Enter physicians like Dr. Paul Farmer of the aid group Partners in Health, who endured all kinds of naysaying and began treating poor rural Haitians with antivirals for AIDS by getting donations from wealthy Western donors and buying the drugs outright at retail prices. They were tired of seeing HIV-infected people die. In late 2005, a revealing NewEnglandJournalofMedicine report proved that Haitians with AIDS—though living in impoverished conditions—were organized enough to handle all the drugs and did just as well medically as patients treated in the United States. Suddenly, treating AIDS in poor countries seemed possible.

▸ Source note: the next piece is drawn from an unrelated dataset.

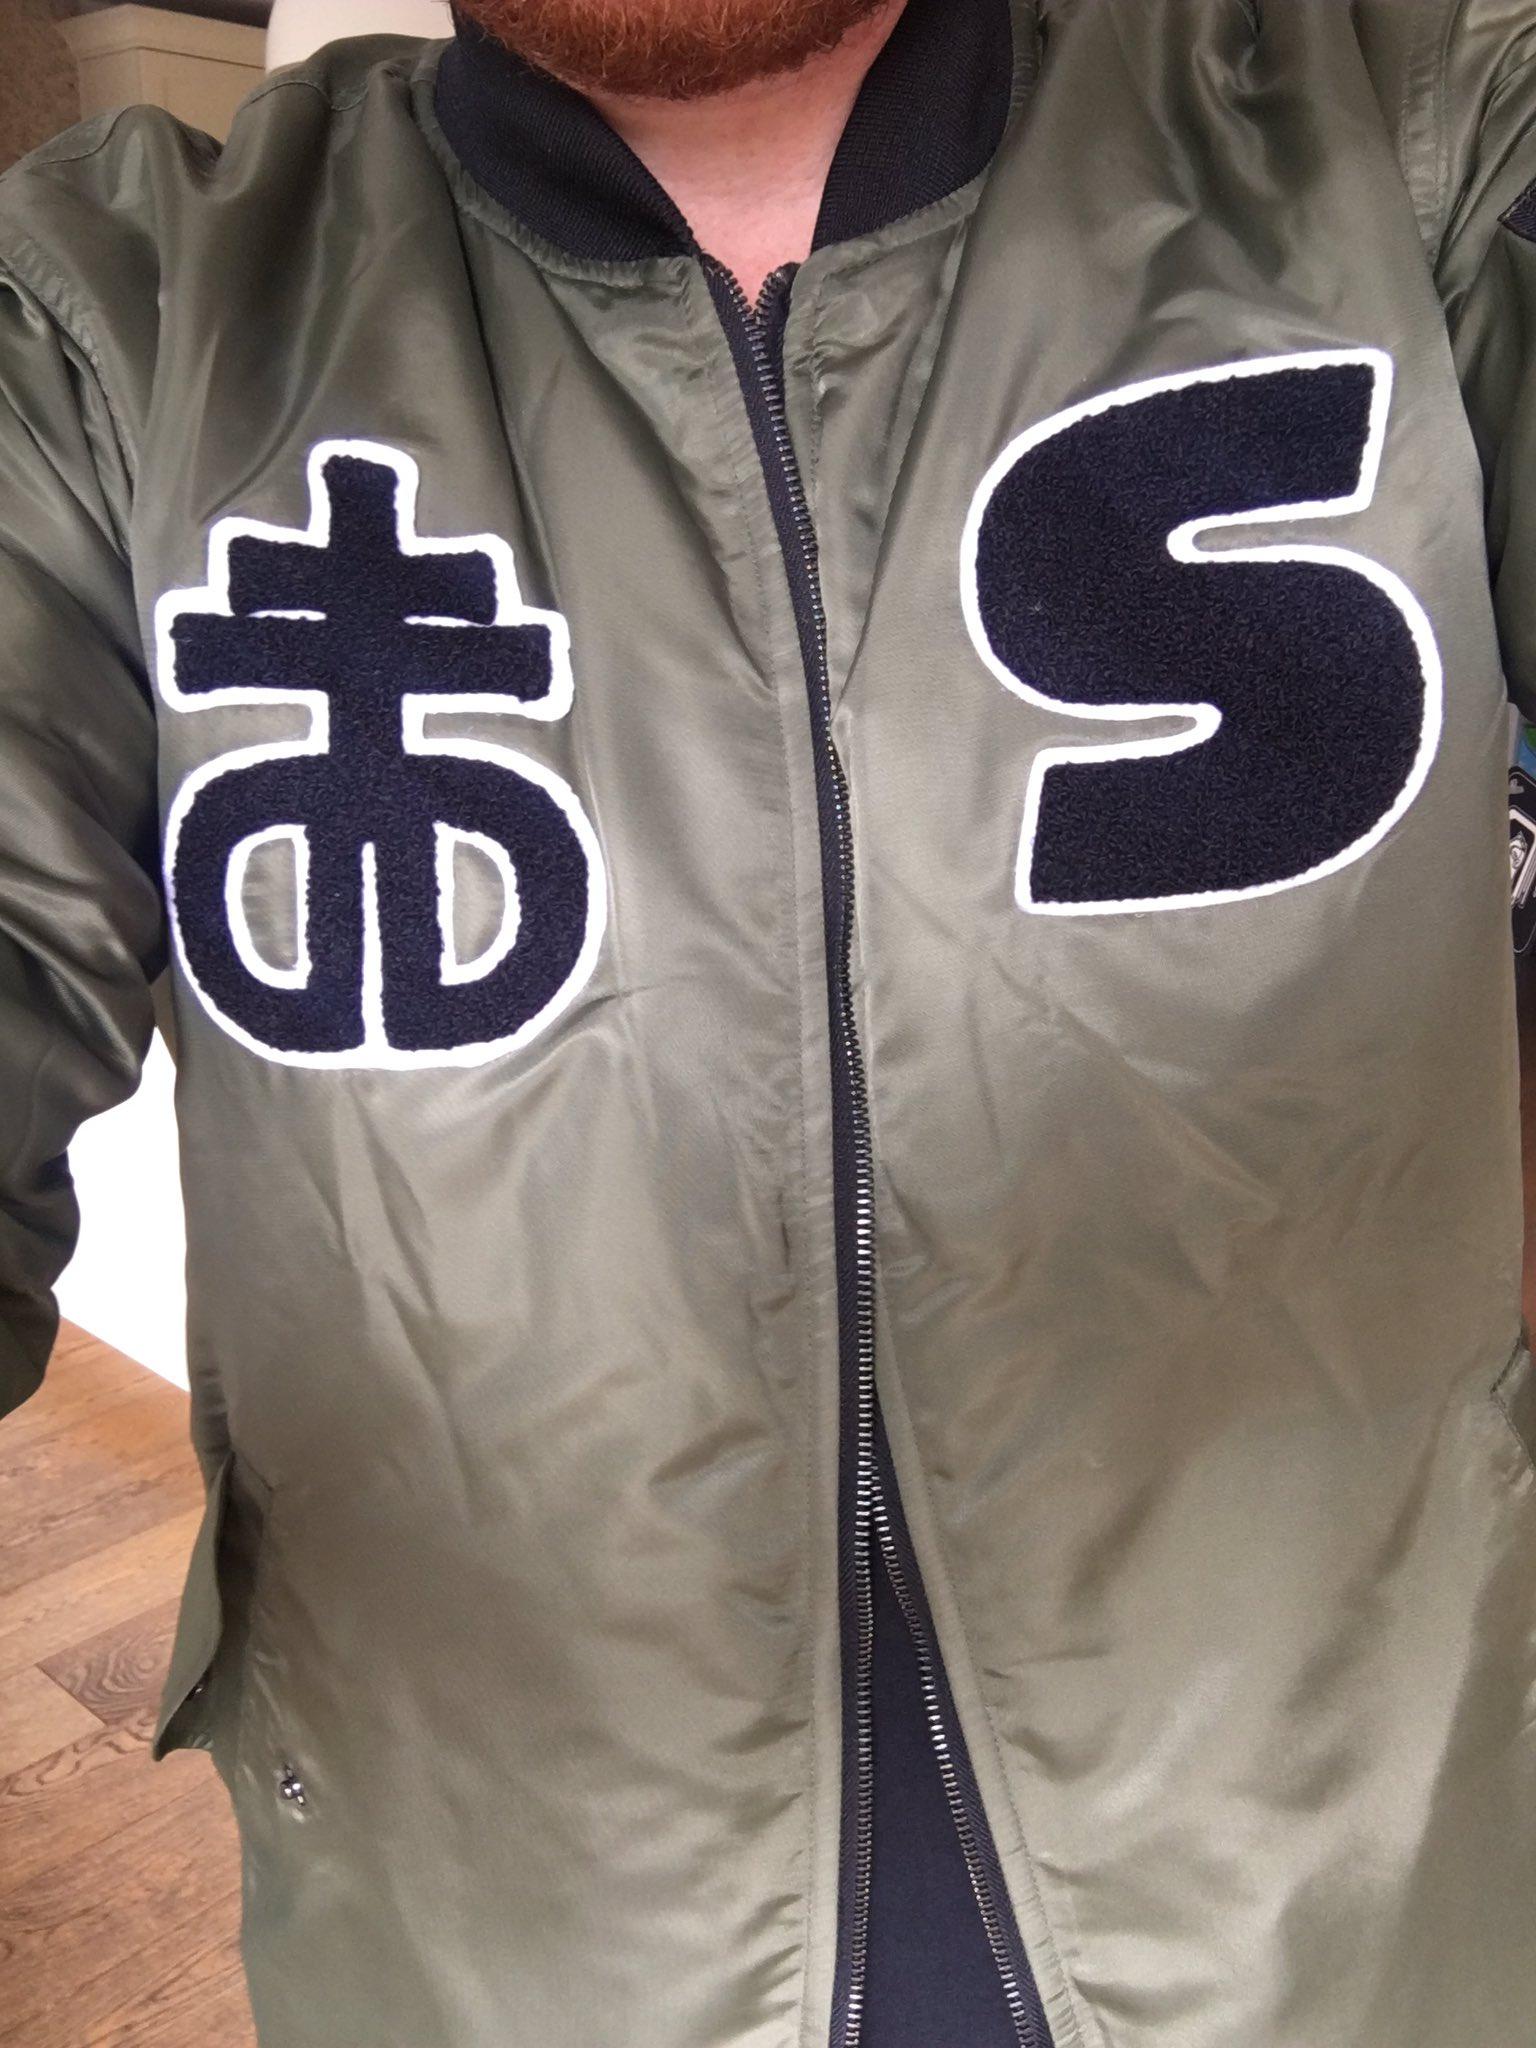 Jacket skills by @Dropdeaduk ace! https://t.co/DZAu2YaIxE

And an obvious truth emerged: Health-care costs, upon which the entire pyramid of QALY-based analysis sits, are totally elastic and negotiable. As demand for the drugs in poor countries skyrocketed, countries like Thailand and India took advantage of their arcane patent laws and began manufacturing generic versions of the expensive drugs. When Brazil also threatened to allow generic manufacture of AIDS antivirals, drug companies rapidly negotiated local manufacturing licenses and deep discounts. Today, almost all 186,000 Brazilians needing AIDS drugs get them for free from the government.

In addition to the availability of generic drugs, collective bargaining has lowered costs. Consider this example of a 96 percent discount for a tuberculosis antibiotic. The lesson here is that one’s economic paradigm powerfully influences what seems possible. Assessing AIDS treatment in poor countries with QALY-based economics is like desultorily asking, “We can’t really afford this, can we?”

On the other hand, groups like Partners in Health take a radically different approach. They start with a goal—simply to save people with AIDS, and damn the QALYs—and invent ways to make it affordable.

Which brings me back to the Zambian child with the heart defect. In the end, spending hundreds of thousands of dollars for his heart surgery isn’t a good QALY buy, if one is inclined to think in that erroneous way. But you can also think like Dr. Aldo Castaneda, the former chief of pediatric cardiac surgery at Harvard Medical School. At the height of his career in the 1990s, he moved to Guatemala to help found a children’s heart center, and there has operated on thousands of children at a tiny fraction of the costs in America.

Recalling how people responded when he announced his intention to treat heart disease among poor Guatemalans, Casteneda says, “They told me that I was crazy.” His patients, one can assume, disagree.